Published by Penguin Military Classics, 2000, softcover, illustrated, index, 1052 pages, 13.7 cms x 21.7 cms x 5.8 cms, condition: basically as new.

Against the background of the Royal Navy's great strength in 1918 and its depleted state in 1939, the author relates the operational story of World War II at sea in Europe and the Far East. He explores the problems of command, control and intelligence.

Corelli Barnett is a polemicist about British decline as much as he is an historian. Sometimes his rhetoric could go a little 'over the top' but he made a good case. He saw a British elite behaving as if the UK was as great a Power in the middle of the twentieth century as it had been in the nineteenth. Nevertheless, his powers as a historian always kept him well within the bounds of reality. The facts dictated the story. In that context, this book (published in 1991) has multiple virtues as both corrective to received ideas and as a chronological narrative. It is a weighty tome.

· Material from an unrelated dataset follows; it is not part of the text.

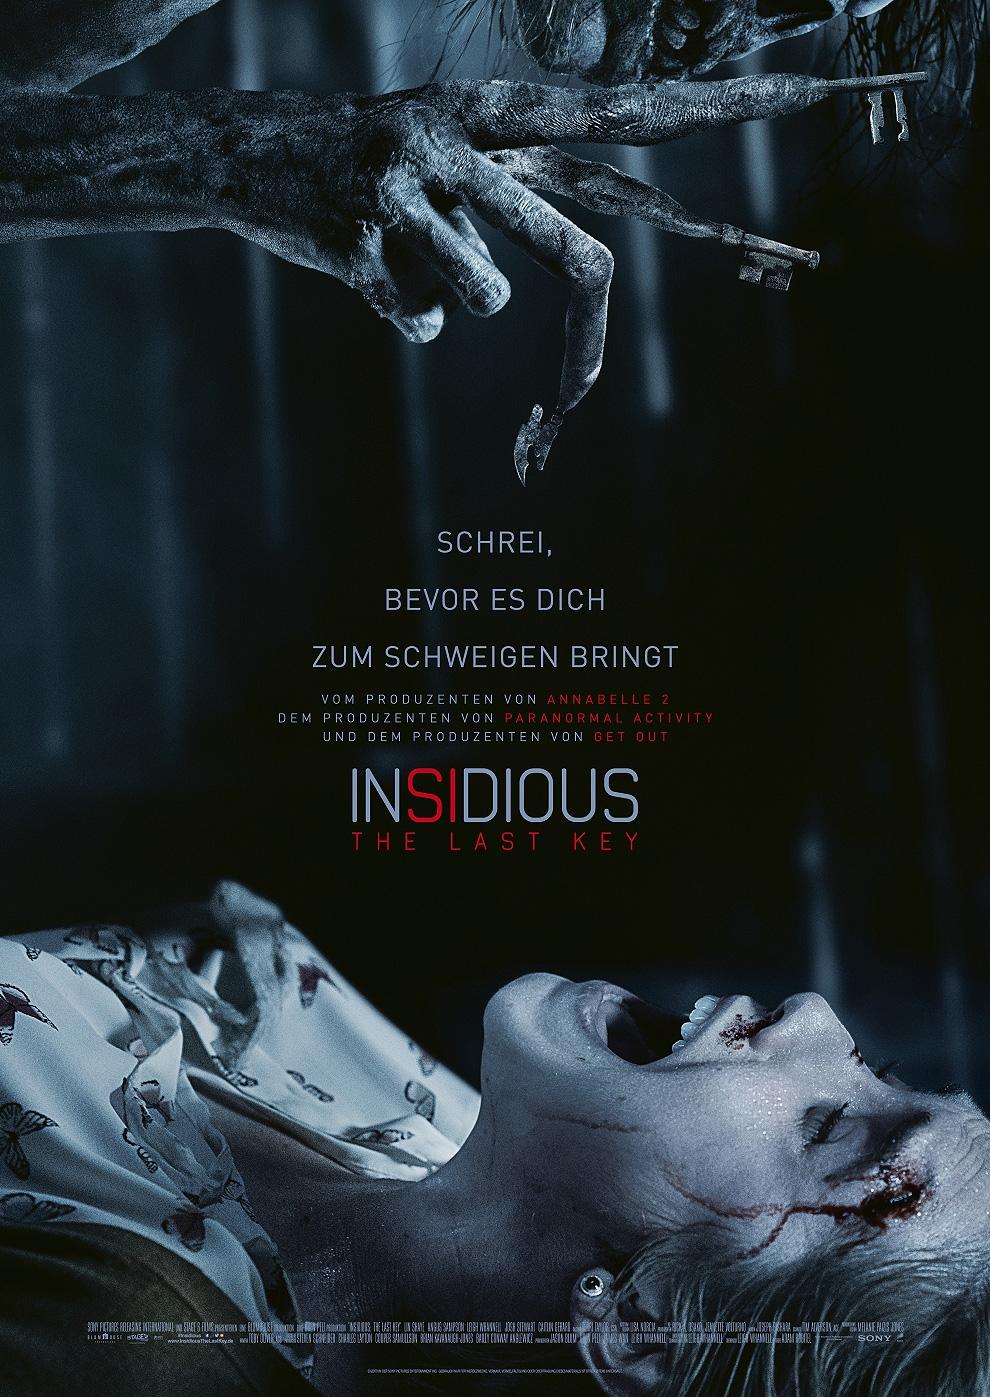 Insidious - The Last Key (Poster)

Barnett is not shy of offering precise details of ship movements and tonnages but, if you slide over these as you are so inclined, you will get both a sound strategic overview of British naval power in the Second World War and some very exciting stories. Let us take the second first. He takes us to the heart of the naval achievement under the heroic organiser Admiral Ramsay in abstracting thousands of defeated troops from the shore at Dunkirk in 1940. Then there is Cunningham's achievement at the Battle of Cape Matapan in 1941 which defeated the Italian Grand Fleet in the type of sea battle that might have been a throw-back to the great age of Nelson. It was indeed the last British naval fleet action.

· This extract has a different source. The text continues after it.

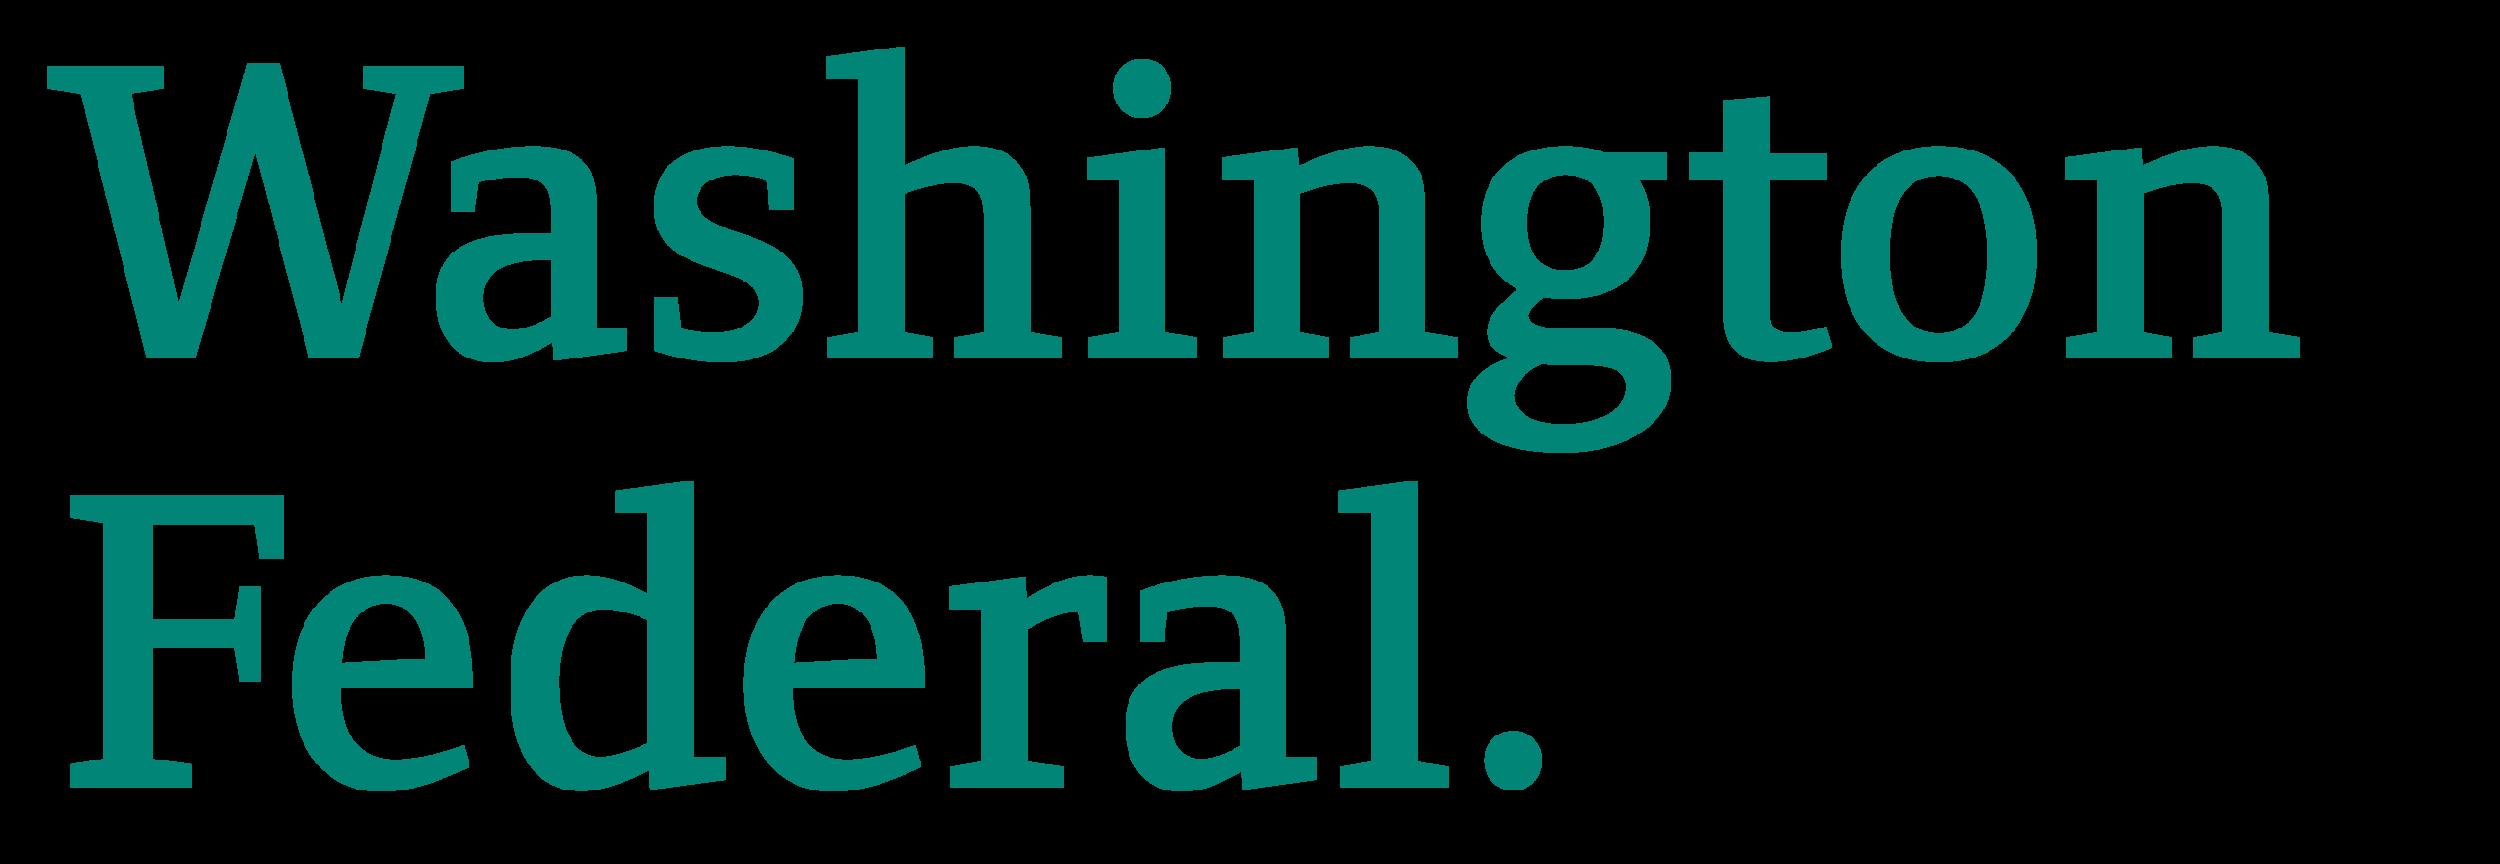 WashFed_logo_notag.png

Barnett also takes us deep into the only naval battle that was truly existential to the British - that for the Atlantic which Admiral Donitz nearly won. He explains its importance and why it was such a 'close-run thing'. Donitz was still capable of re-starting the Battle with new and superior submarine resources very late in the war as Germany itself was falling to land armies. Hitler made Donitz his successor for a reason and one of them is that he did not let him down.I remain persuaded that the British Empire was never not going to survive the war in some form - its historic trading links and scale gave it the luxury of a certain inertia - but time and time again we see superior innovation or ability to scale up production in both Germany and the US. This alone leads to US displacement of the British Empire. One might be grateful that the Presidency was held by an anglophiliac East Coaster and not someone with the views of Admiral King or Joe Kennedy. The Battle of the Atlantic had certainly demanded close Anglo-American naval co-operation. This developed in response to events rapidly. Once it was decided that Germany must be brought to heel, the UK became the absolutely necessary launch pad for a military schwerpunkt. That meant that the British people had to survive much as the Arctic Convoys sent a signal that the Soviet Army had to keep driving forward. From this perspective, the U-Boat War was perhaps not only the most dangerous existential threat to the British people since the Norman invasion but a threat not so much of German dominance of Europe as, as things started to turn out by 1944, Soviet dominance. 
From the library of an prominent academic.